**Assignment:** Since pictures are not part of the copy, please output only the lines from the one with "Sad boy with" through the end of the data below, exactly as written.

**Source material:**
-.-.-
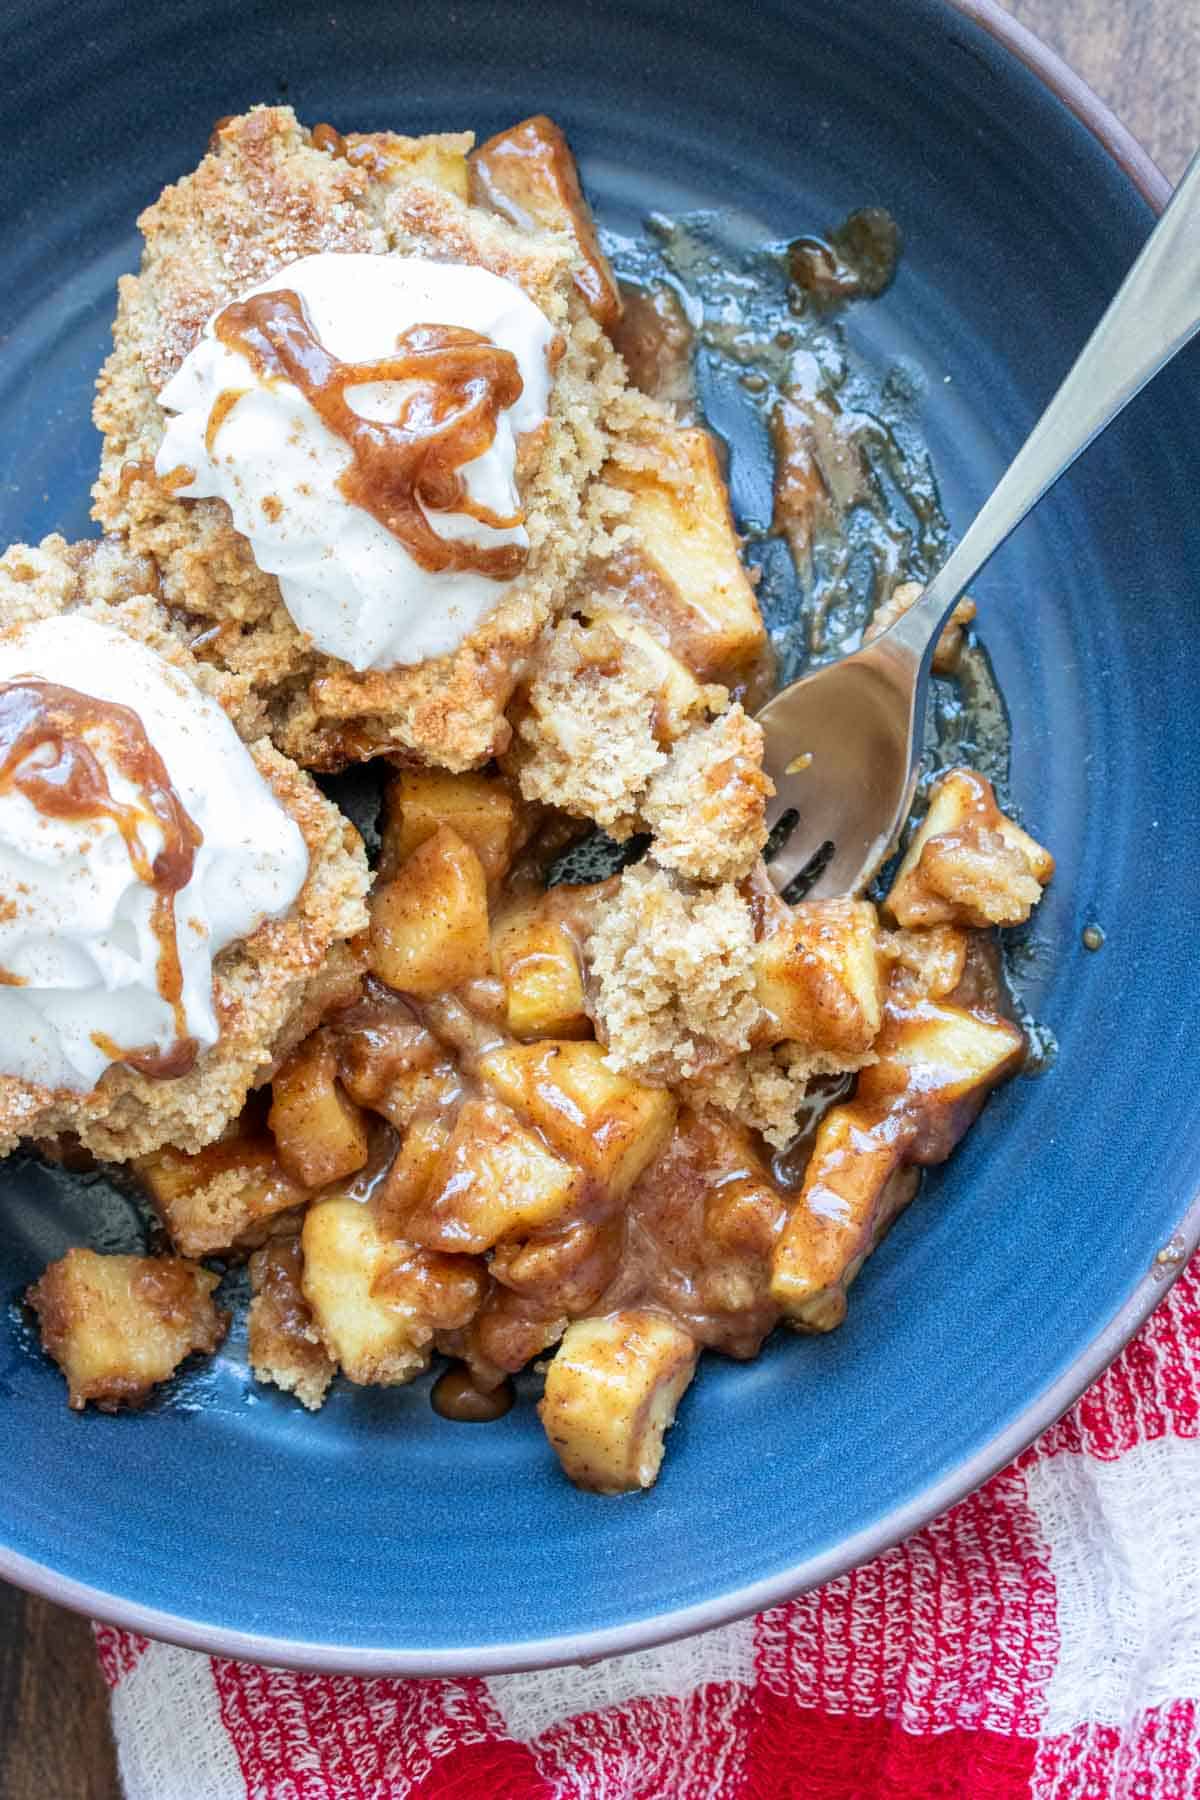 Fork eating apple cobbler with whipped cream in a dark blue bowl
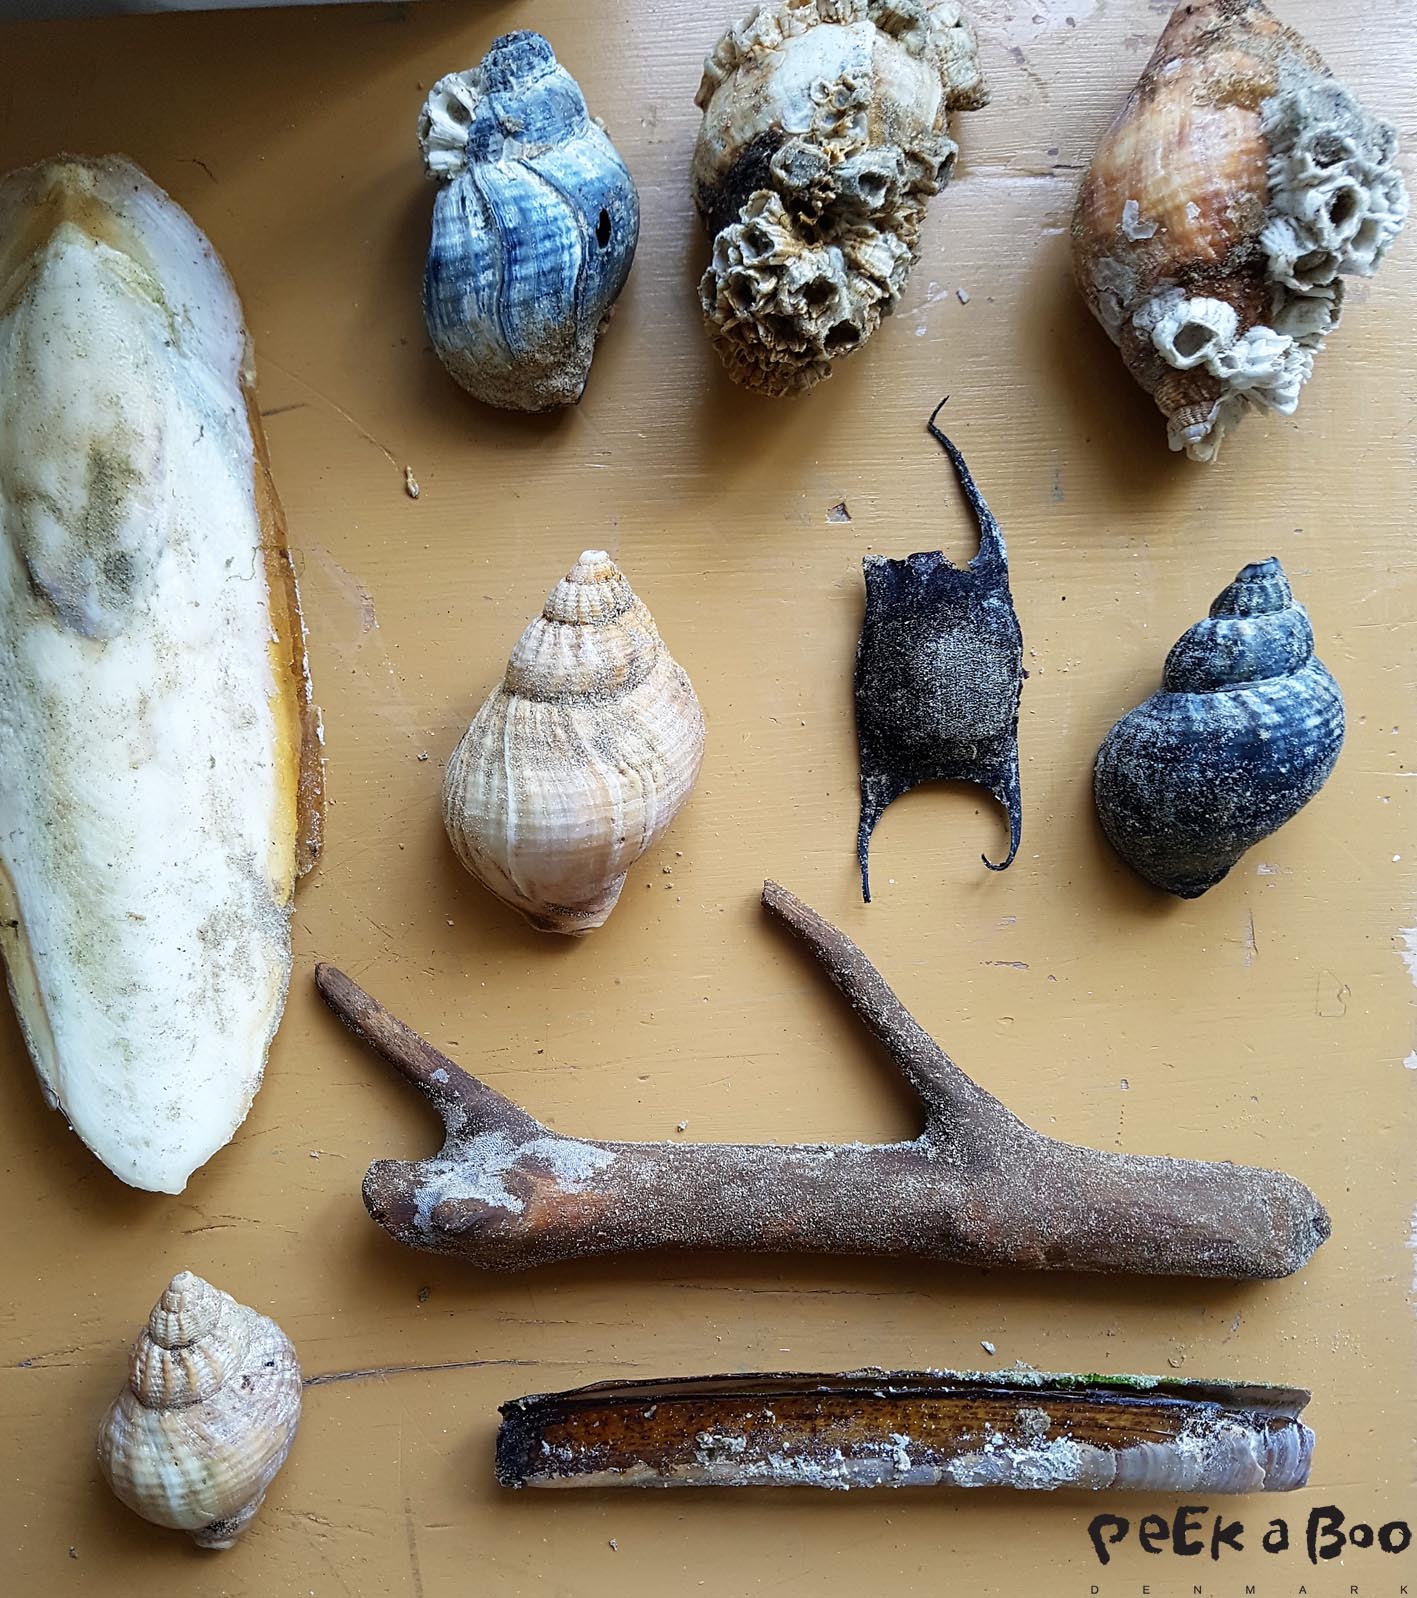 Beach finds from the Wadden Sea. Stingrays egg, seashells, drift wood, clam and carapace from an octopus.
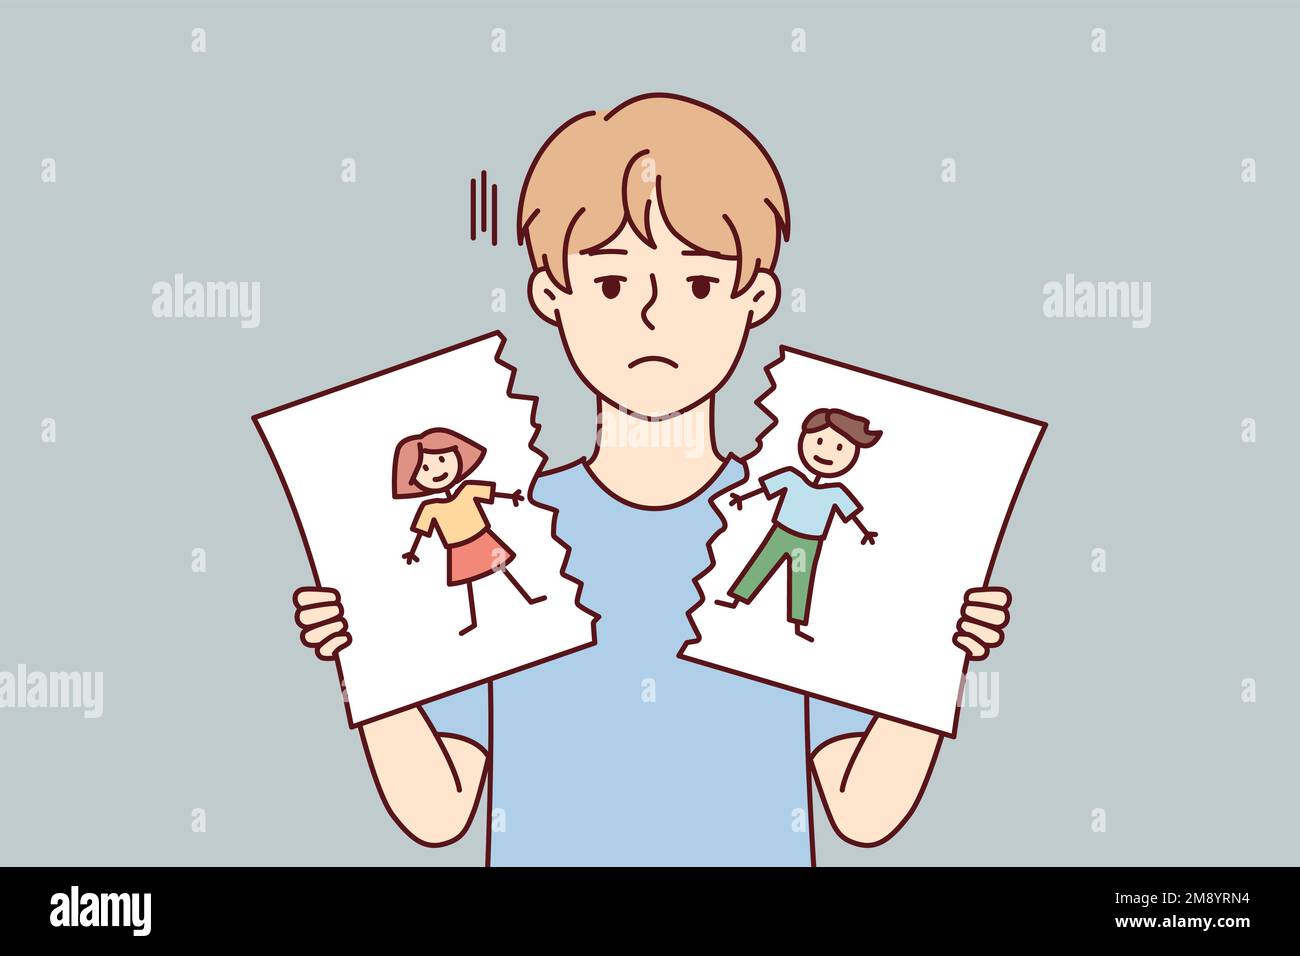 Sad boy with blond hair holds in hands torn pictured with painted kids. Cheerless child of pree teen age after school quarrel or conflict tears up self-drawn portrait. Flat vector design  Stock Vector
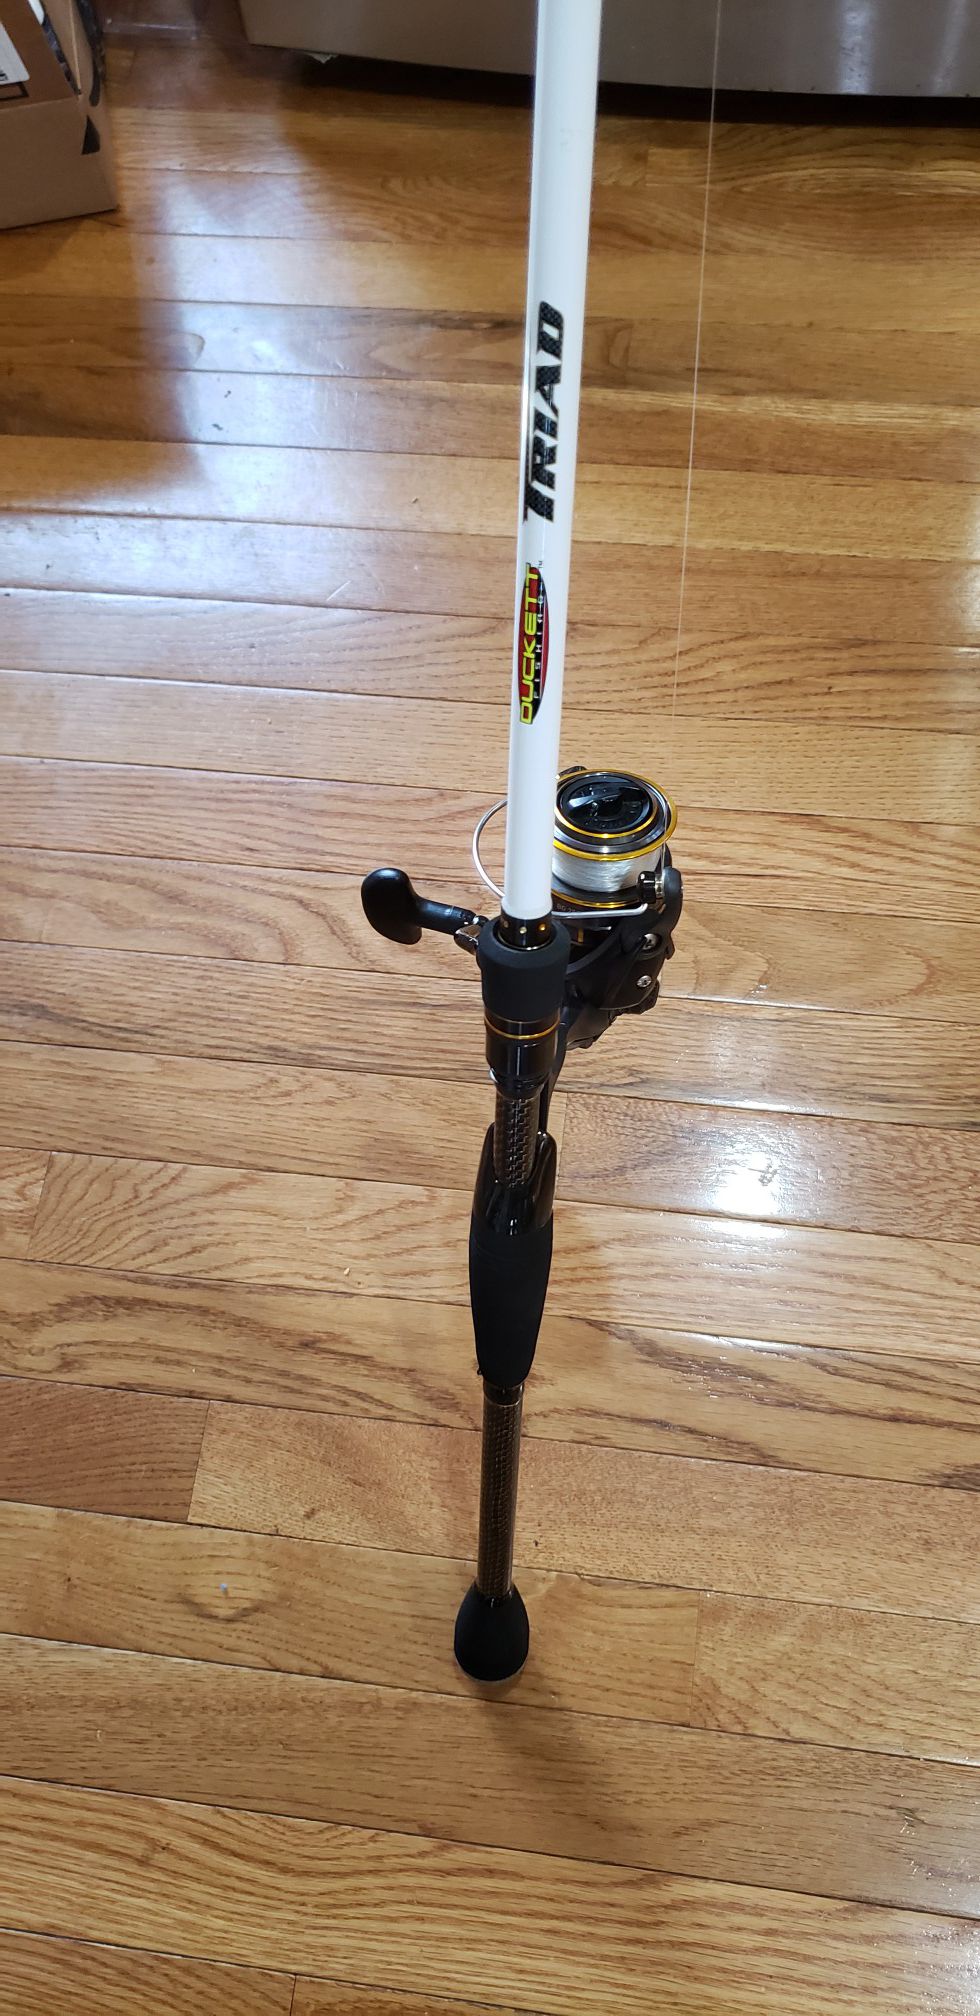 Duckett triad 7'2 med heavy with diawa bg 2500 series spinning reel. Rod has never been used. Great deal
-.-.-
**Result:**
 Sad boy with blond hair holds in hands torn pictured with painted kids. Cheerless child of pree teen age after school quarrel or conflict tears up self-drawn portrait. Flat vector design  Stock Vector
 Duckett triad 7'2 med heavy with diawa bg 2500 series spinning reel. Rod has never been used. Great deal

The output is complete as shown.